En ocasiones no es un cometa lo que se descubre. La otra noche estábamos en el balcón. De pronto pasó frente a nosotros, a baja altitud (mucho más baja que la de un avión) una gran nave espacial que yo nunca había visto. Una especie de estela luminosa, una línea de puntos a distancias irregulares entre sí, que avanzaba, más bien despacio. Debe haberle llevado un minuto cruzar el cielo. Nos mirábamos atónitas, en plena ciencia ficción, y lo identifiqué rápidamente: era uno de esos millares de satélites Starlink que Elon Musk, el patrón de SpaceX, lanza al espacio desde hace tres años para brindar un acceso rápido al Internet y poner en jaque a Jeff Bezos (entre otros objetivos).

Tuve el borroso recuerdo de que algunos astrónomos se habían alarmado por ello, ya que la contaminación visual dificulta sus observaciones, pero no había entendido a qué se parecían ni cuántos eran: hacia 2025, 42000 de ellos podrían estar girando a nuestro alrededor.
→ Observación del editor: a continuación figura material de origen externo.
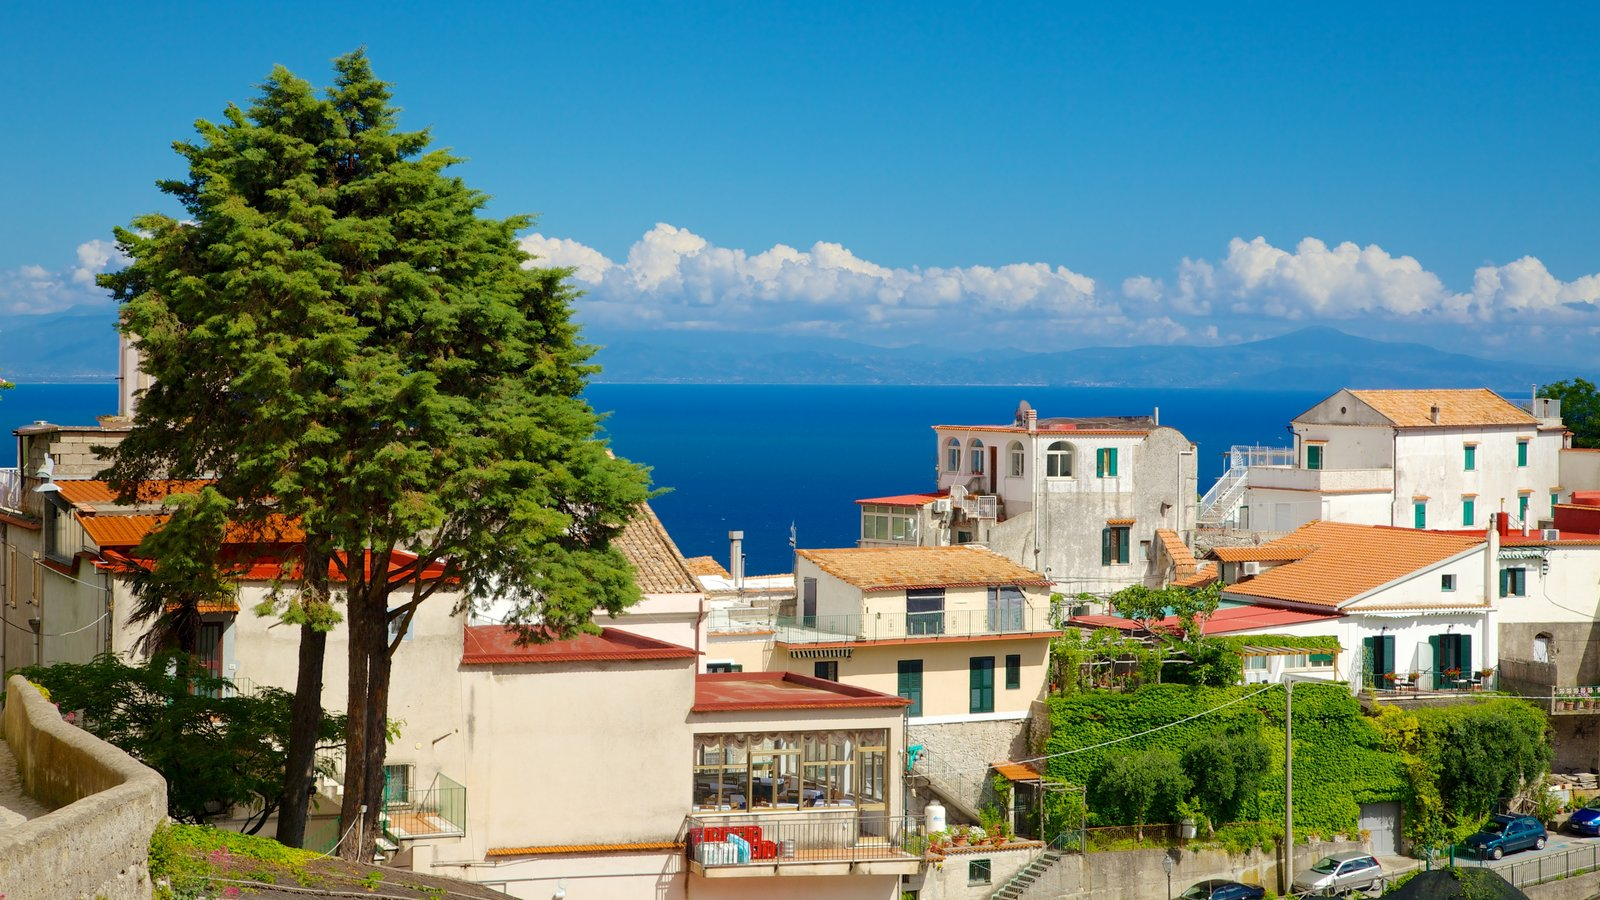 Pontone featuring a coastal town and general coastal views

Sabía que había empresas que querían convertir satélites en carteles publicitarios visibles en el cielo nocturno. Y que la Sociedad de Ciencias y Tecnologías Aeroespaciales de China quería lanzar al espacio, por encima de Chengdu, una luna artificial ocho veces más brillante que la auténtica. Había buscado en línea los Starlink. Musk y los suyos, por su cuenta, detallaron el proyecto: existirán incluso fórmulas de membresía Premium, por unos miles de dólares al mes, para los yates.

En unos cuantos años, cuando caiga la noche, podríamos vernos cegados por rastros luminosos, nombres de marcas de refresco, de ferretería electrónica o por falsos astros. Se habrán acabado las noches en las que podíamos mostrar a los niños la Osa mayor, Orión o la Cruz del Sur mientras les contábamos mitos.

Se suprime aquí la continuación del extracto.